__YOUR OBJECTIVE__
Your task is to give the listing below back word for word, pictures excluded.

__MATERIAL PROVIDED__
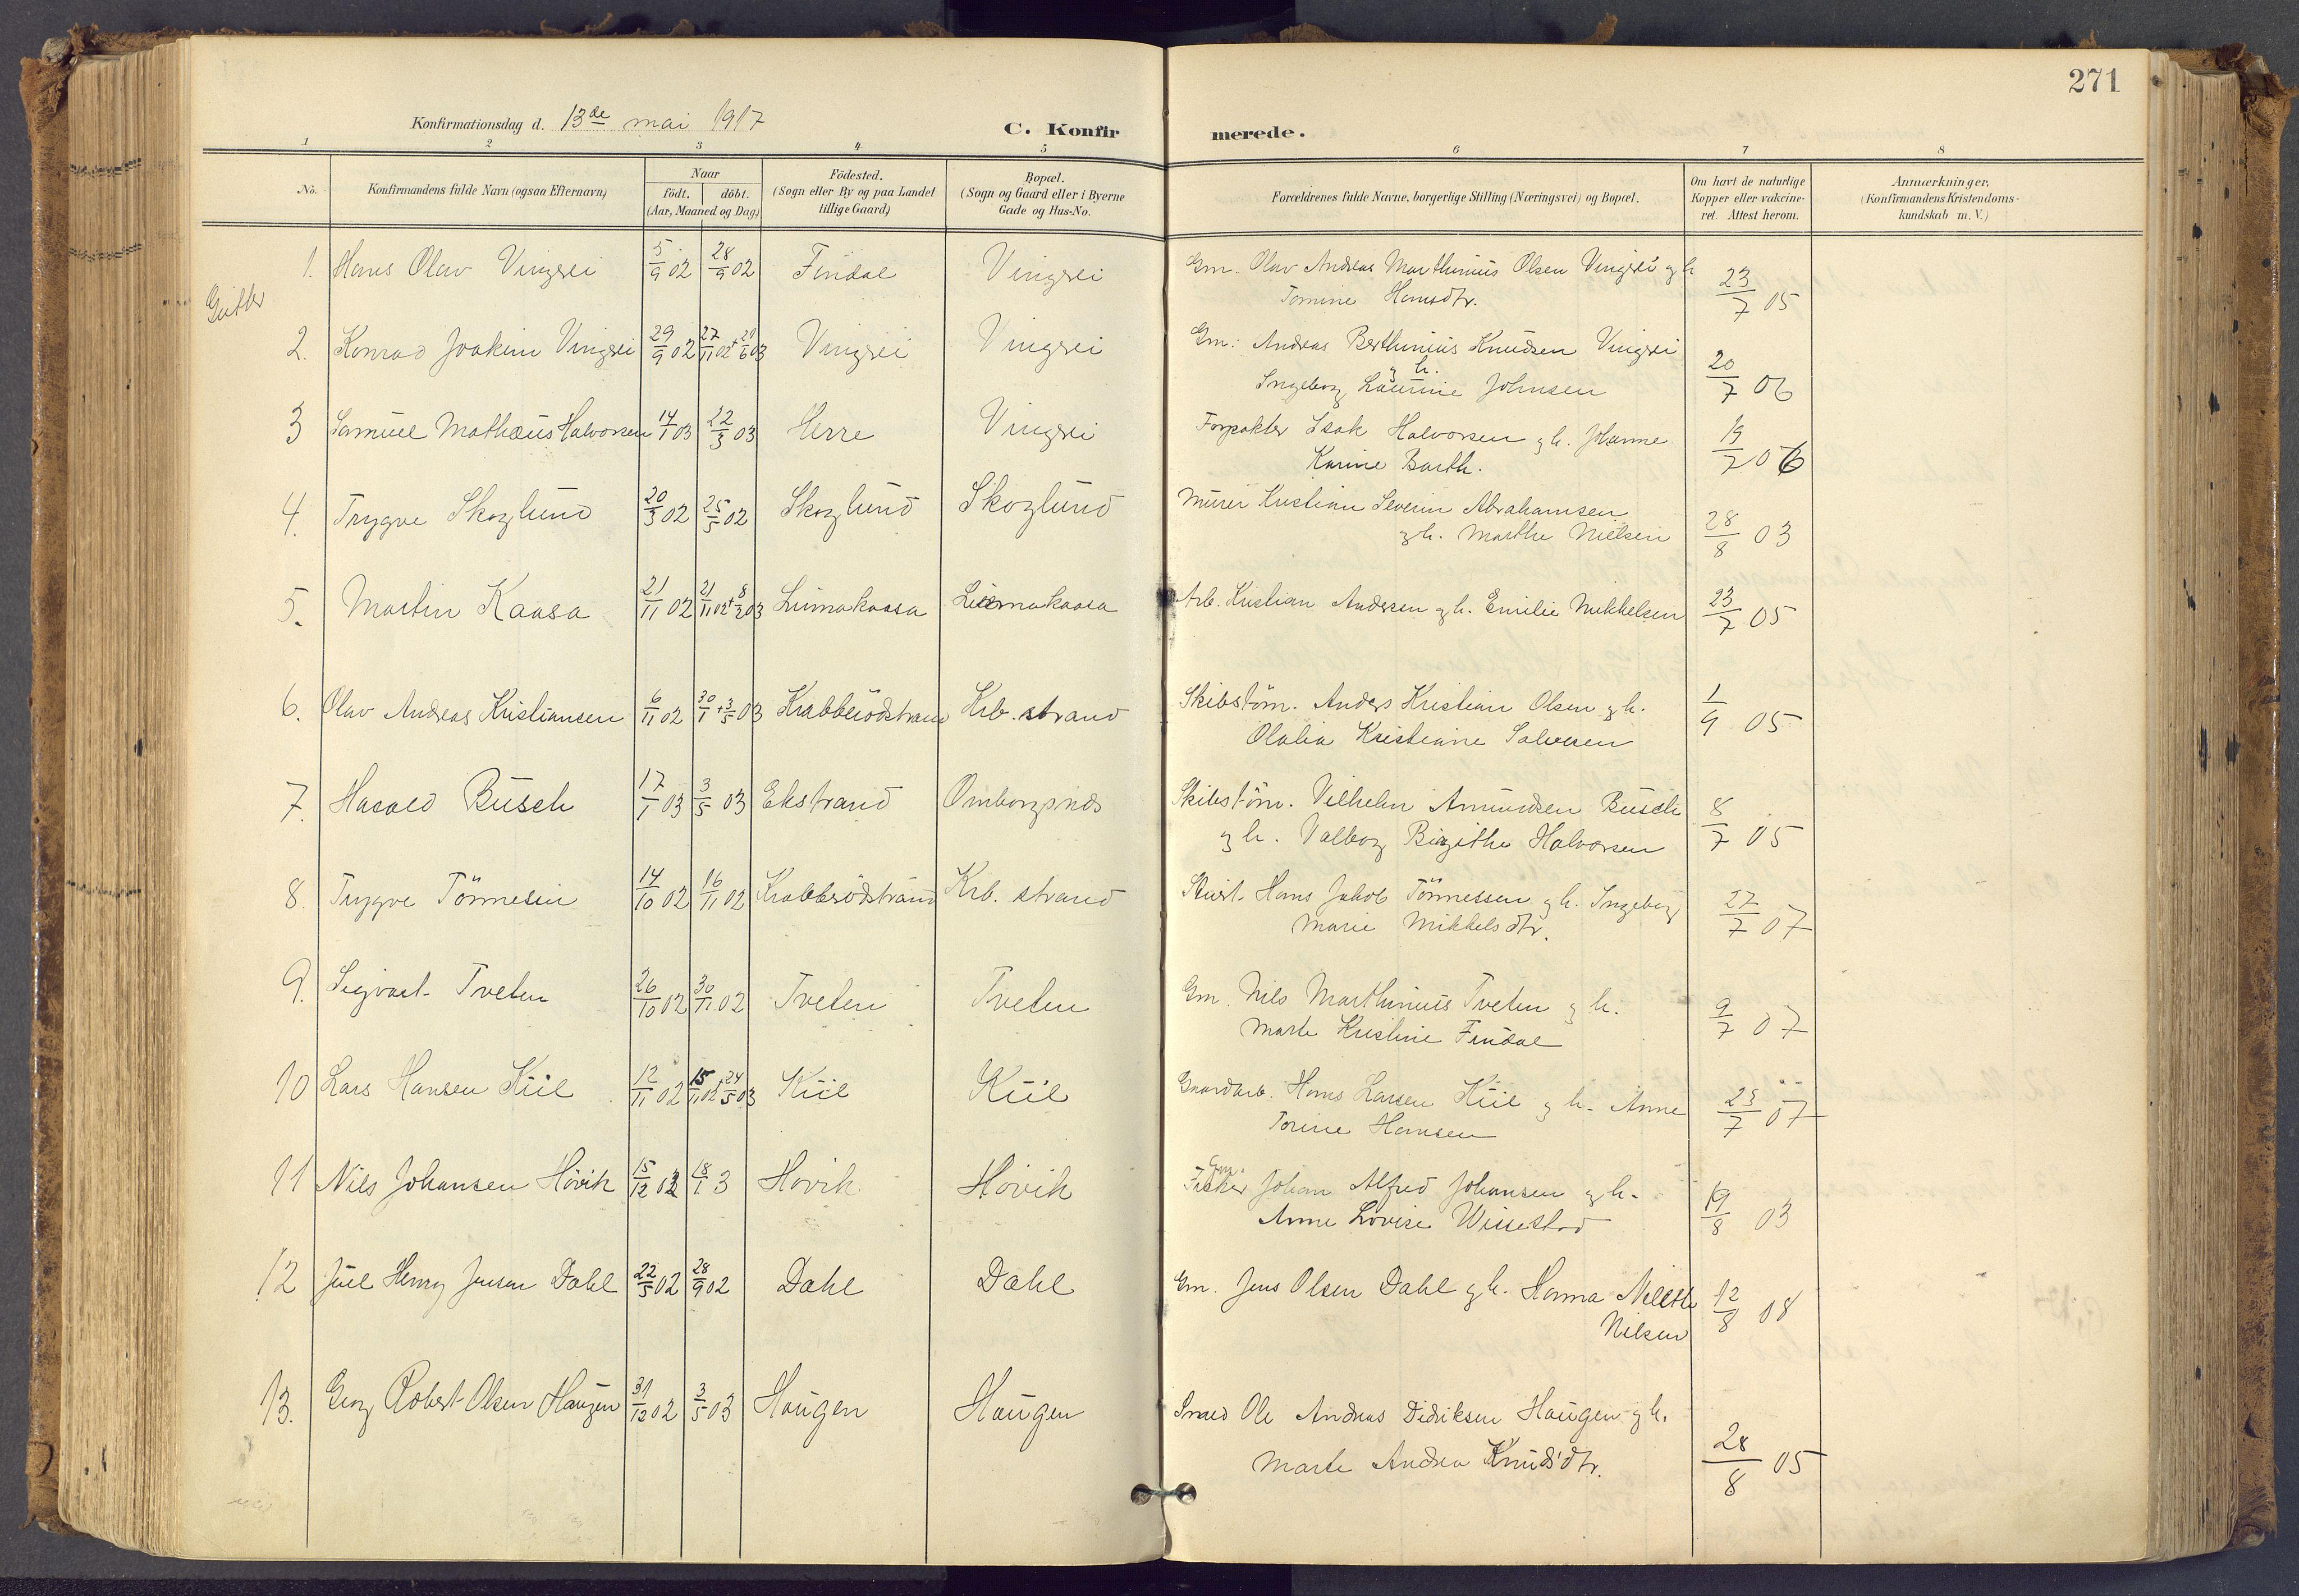 SAKO, Bamble kirkebøker, F/Fa/L0009: Ministerialbok nr. I 9, 1901-1917, s. 271
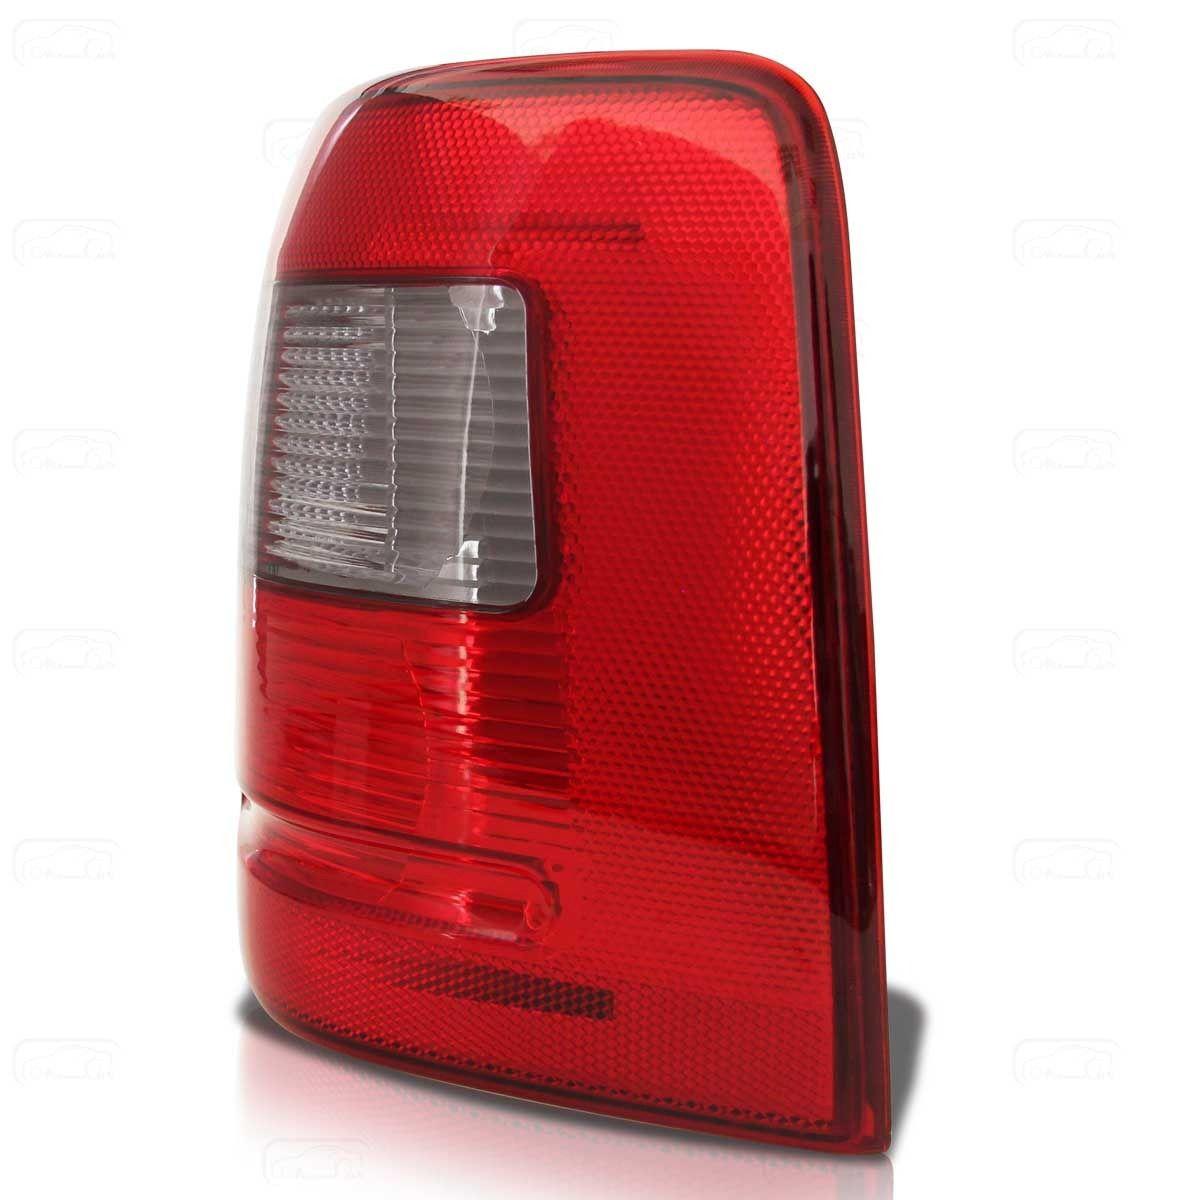 Lanterna Traseira Fumê Ford Ecosport 2004 05 06 07 Tyc
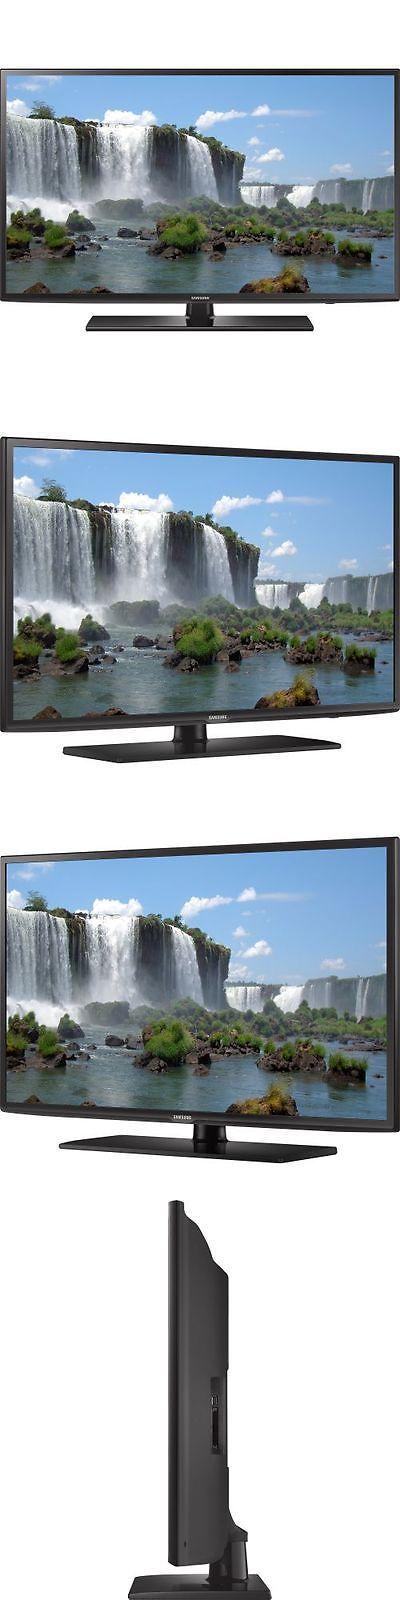 samsung un55h6350 55-inch 1080p smart led tv

__RESPONSE TO THIS EXERCISE__
 SAKO, Bamble kirkebøker, F/Fa/L0009: Ministerialbok nr. I 9, 1901-1917, s. 271
 Lanterna Traseira Fumê Ford Ecosport 2004 05 06 07 Tyc
 samsung un55h6350 55-inch 1080p smart led tv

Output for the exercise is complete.